While Fauci’s famous face-palm at a March 2020 press conference certainly helped his cause, it’s only part of the story. The other part is money. As biodefense funding has ramped up, a quiet but effective lobbying effort has bloomed around it. The heavyweight in the field is the Bipartisan Commission on Biodefense, or BCB, an organization whose “team” web page lists a who’s-who of DC powerbrokers, including co-chairs Joseph Lieberman and Tom Ridge and commissioners Donna Shalala, Tom Daschle and Fred Upton. Donors include Danish pharmaceutical company Bavarian Nordic, which makes vaccines for viruses like monkeypox and Ebola; the Biotechnology Innovation Organization, a biotech trade association; and Open Philanthropy, the philanthropy of Facebook co-founder Dustin Moskowitz and his wife Cari Tuna.

The group’s influence became fully evident in summer 2021, when the Biden administration announced a $65 billion pandemic-preparedness program that used space exploration as its organizing metaphor: Only months earlier, in January, the BCB released “The Apollo Program for Biodefense,” which advanced the idea that the US must embrace the ethos of the Apollo program to effectively fight pandemics.

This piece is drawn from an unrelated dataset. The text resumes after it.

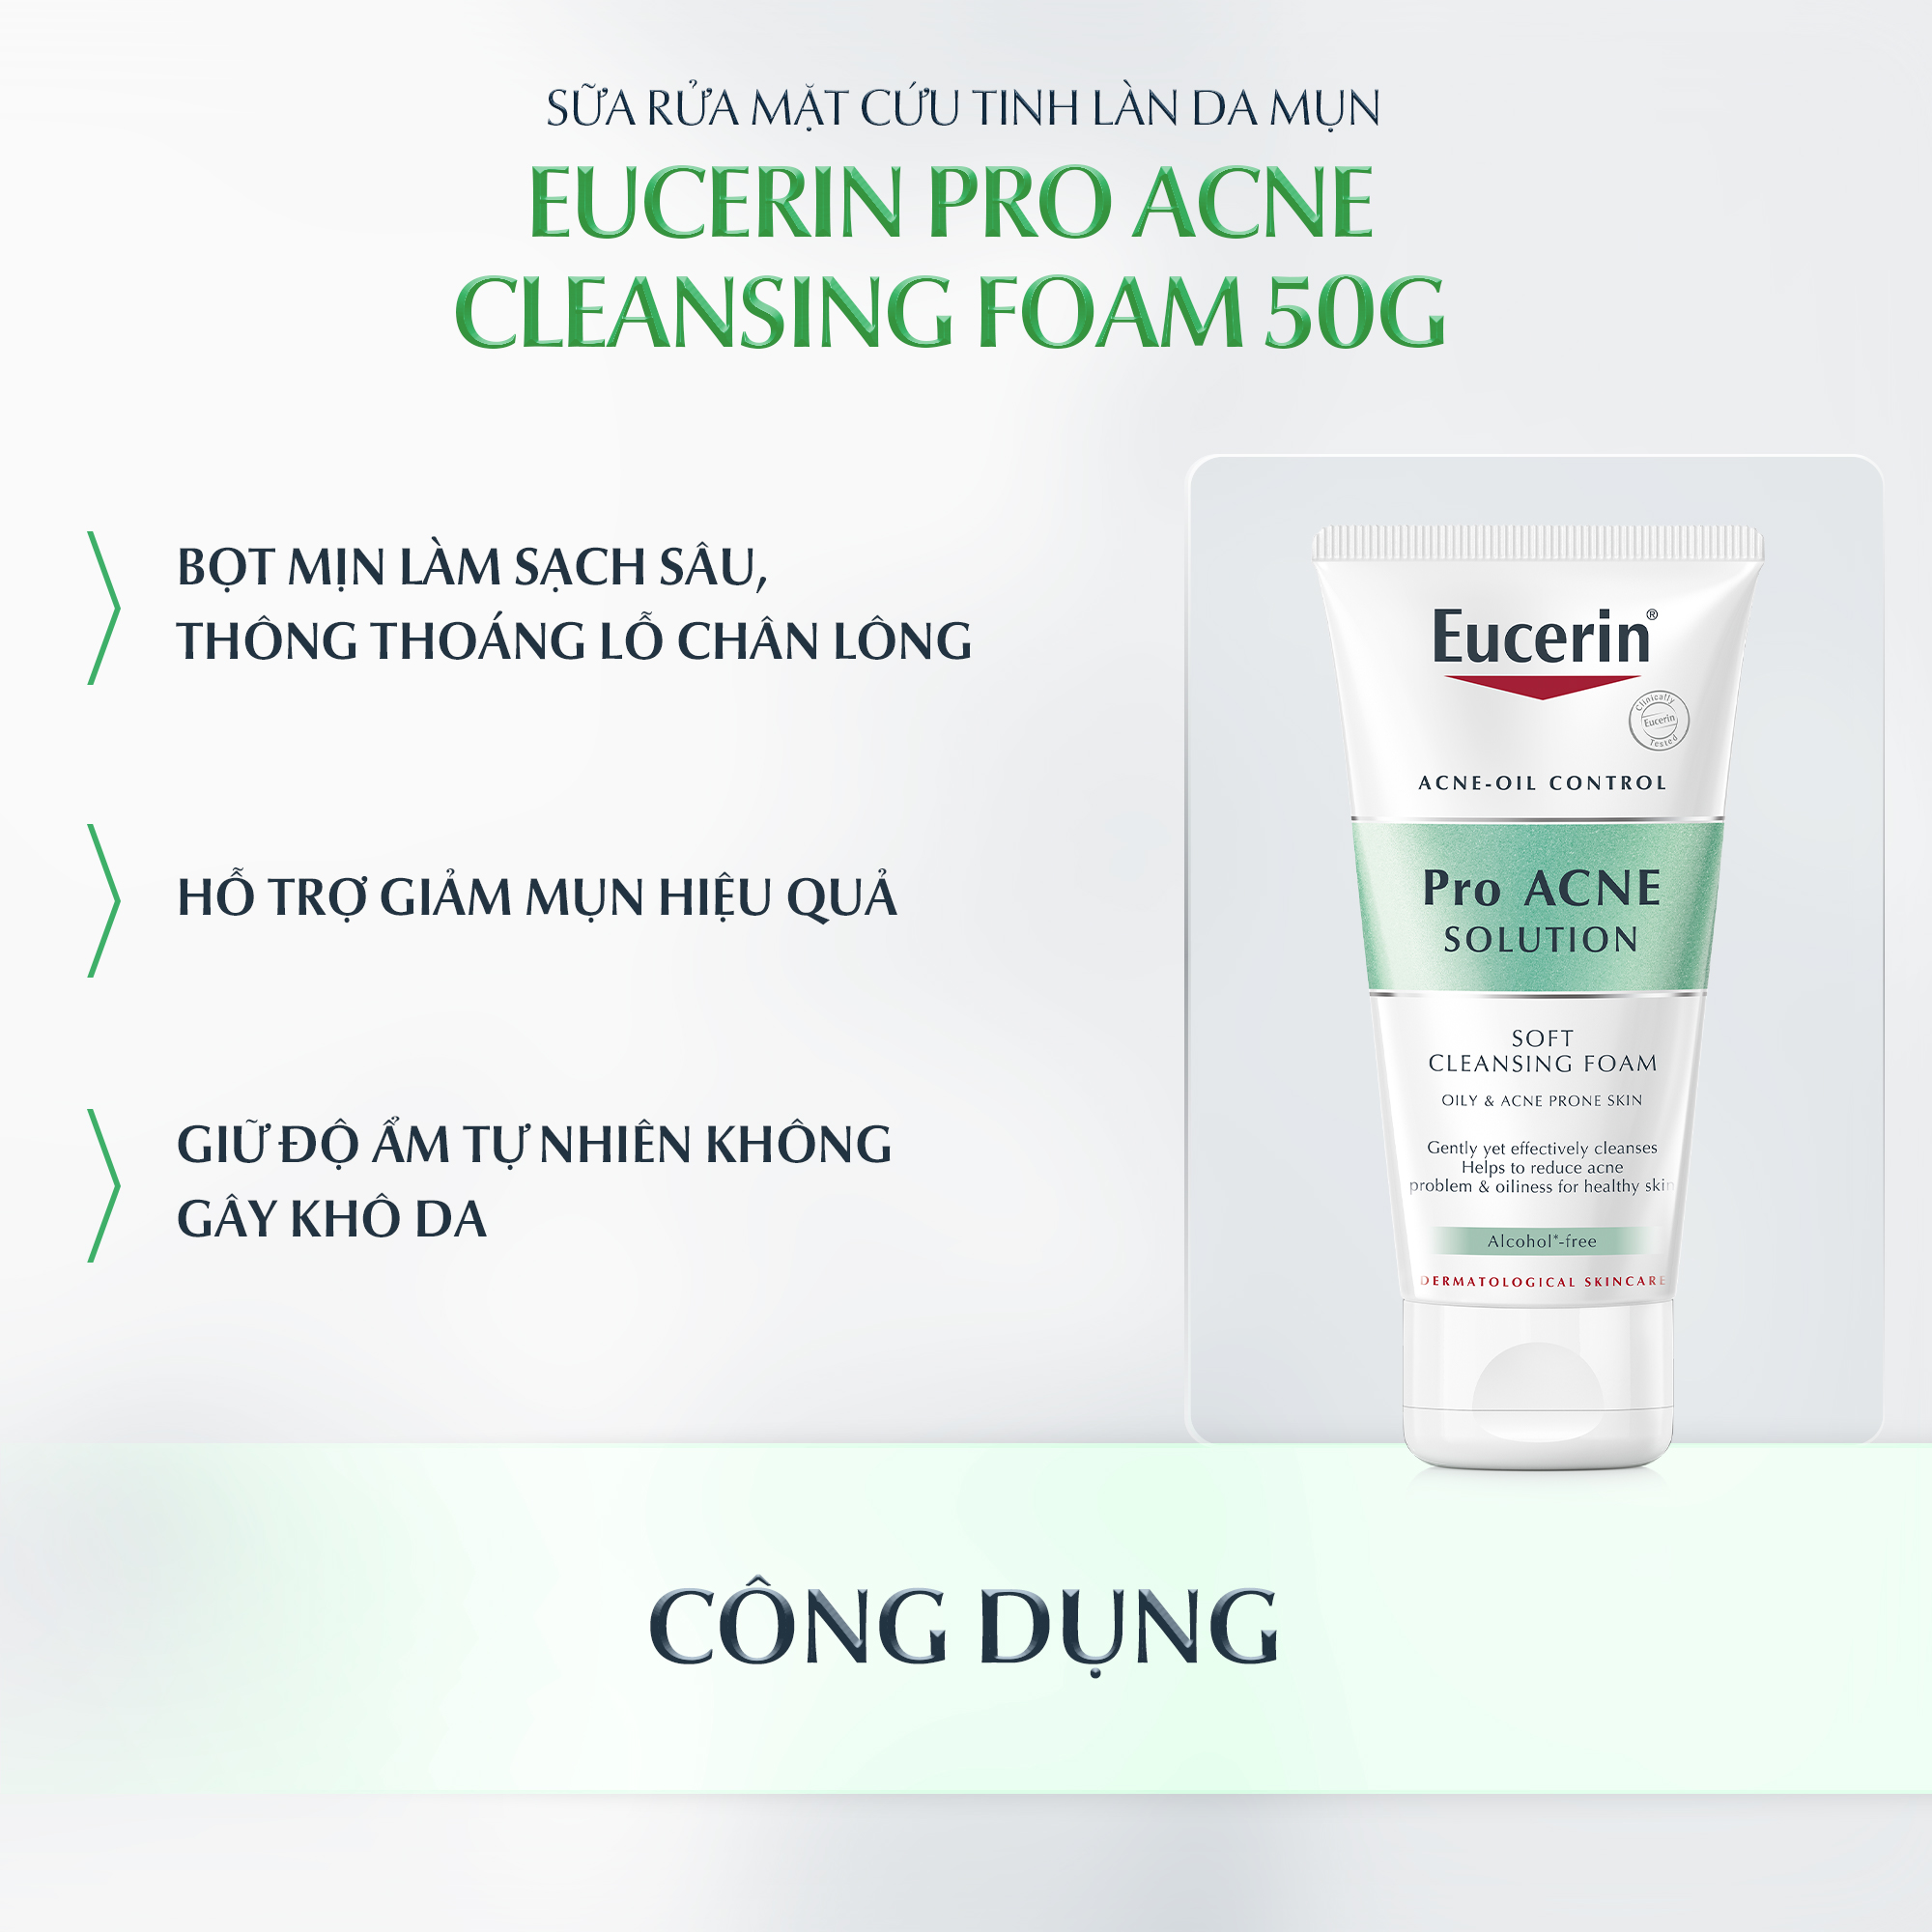 Sữa rửa mặt cứu tinh làn da mụn Eucerin Pro Acne Cleansing Foam 50g

While top-down influence in Washington has pushed for more funding, more research and more risk, grassroots activism opposing this advance is spreading. NEIDL, the Boston biocontainment facility where gain-of-function research produced a new SARS-CoV-2 variant during the pandemic, has faced local opposition since its inception, with residents, city council members and experts weighing in. “We are talking about bringing some of the most deadly agents into a very, very highly densely populated area in the inner city,” a Boston city councilor said.

Such concerns have been supported by a number of leaks from NEIDL, including reports on lab mice and a series of lab-related infections. But the weight of the biodefense establishment, and the influence of Boston University, eventually overcame years of lawsuits and activism. More importantly, the creation of biosafety labs has continued apace, with new ones springing up around the country, many run by private research companies subject to much less oversight than big government BSL-4 labs that are impossible to keep out of the public eye.

The reason for the lack of oversight is that biosafety labs come in so many shapes and sizes, from those run by pharmaceutical labs to closed military sites to academic institutions like NEIDL, that creating regulation to cover all areas is a task authorities have been unwilling to confront. But that hasn’t made the need less pressing.

“People in the community have questions [about gain-of-function research] that our profession isn’t providing answers for,” says Bryce Nickels, a researcher at Rutgers’s Waksman Institute of Technology and a principal at Biosafety Now. “We have an issue where biolabs are doing research, the public doesn’t know what they’re doing, the scientists who could tell them what they’re doing don’t want to, and it leads to this erosion of trust. And maybe that trust can never be restored again.”

Regardless of new pushback, gain-of-function research isn’t going anywhere but forward. What’s clear is that the public is awakening to the gain-of-function arms race — some military, some private, some scientific. Unlike the nuclear arms race, which requires massive resources, this race can be pursued in tiny spaces, with relatively small budgets. Despite this, the effects of error or unforeseen outcomes will be nothing short of global.